The linear regular waves are considered, and the incident-wave is assumed to come from the negative x-axis; therefore, the incident potential ${\phi }_I\left(P\right)$ can be introduced in a cylindrical coordinate as follows:

$$\begin{array}{cc}\hfill {\phi }_I\left(P\right)& =\frac{cosh{k}_0(z-h)}{cosh{k}_{0}h}{e}^{-i{k}_{0}x}\hfill \\ \hfill & =\sum _{m=-\infty }^{\infty }{\alpha }_m{Z}_0\left(z\right)J_m\left(k_{0}r\right)e^{-im\theta }\hfill \end{array}$$

(7)

where

$${\alpha }_m=e^{-im\pi /2},Z_0\left(z\right)=\frac{cosh{k}_0(z-h)}{cosh{k}_{0}h}$$

(8)

$$K=\frac{{\omega }^2}{g}=k_{0}tanh{k}_{0}h$$

(9)

Here, the Bessel function of the first kind of order m is denoted by $J_m\left(k_{0}r\right)$.
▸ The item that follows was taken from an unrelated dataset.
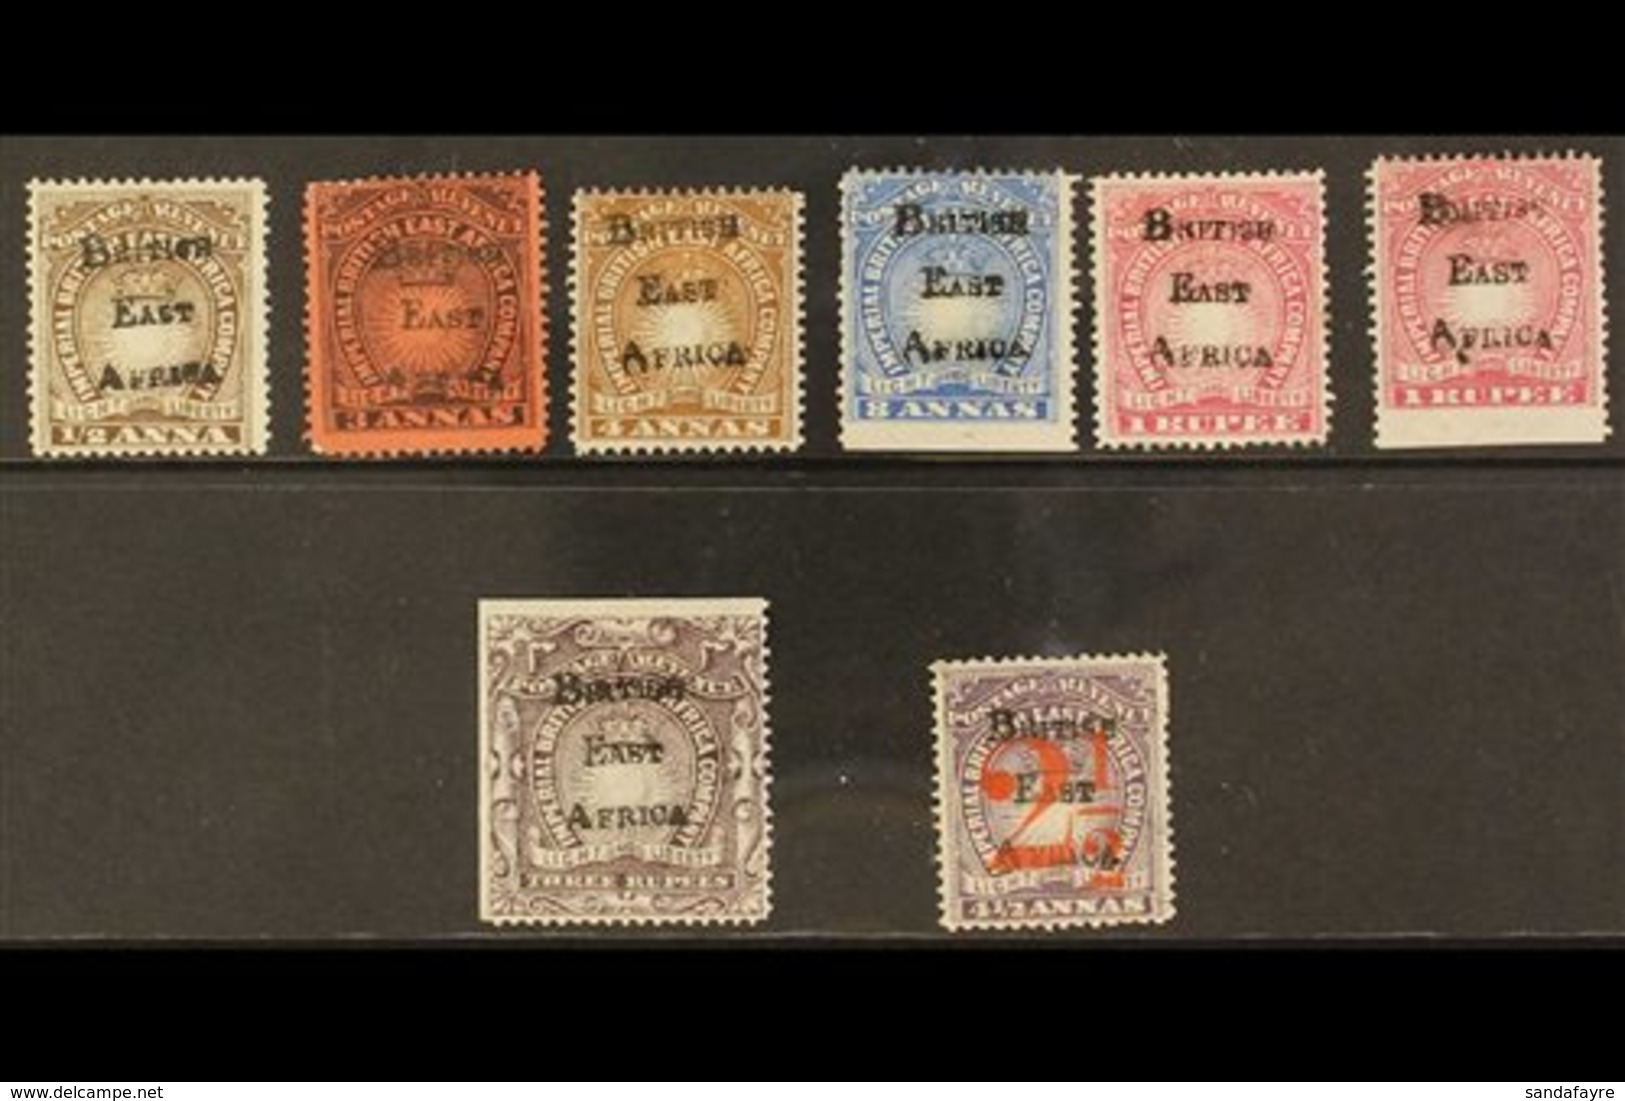 1895 "BRITISH EAST AFRICA" HANDSTAMPS On "Light And Liberty" Types Of 1890, A Useful Mint Or Unused Group With ½a, 3a, 4 - Afrique Orientale Britannique

The disturbance potential, due to the presence of multiple floating bodies in the incident waves, is denoted as $\psi \left(P\right)$. As derived in Kagemoto and Yue [20], the total disturbance potential $\psi \left(P\right)$ for a four-column structure can be expressed as:

$$\psi \left(P\right)=\sum _{n=1}^4{\psi }^n\left(P\right)\approx \sum _{n=1}^4\sum _{l=-\infty }^{\infty }{A}_l^n{Z}_0\left(z\right)H_l^{\left(2\right)}\left(k_0{r}_n\right)e^{-il{\theta }_n}$$

(10)

Under an assumption of wide-spacing approximation [20], only progressive waves are considered in Equation (10), while the evanescent waves are neglected. Here, $A_l^n$ denotes the complex amplitude of the scattered progressive waves around the n-th cylinder. $A_l^n$ can be solved by a higher-order boundary element method reported in Kashiwagi [21]. The second kind of Hankel function of order l is denoted by $H_l^{\left(2\right)}\left(k_0{r}_n\right)$.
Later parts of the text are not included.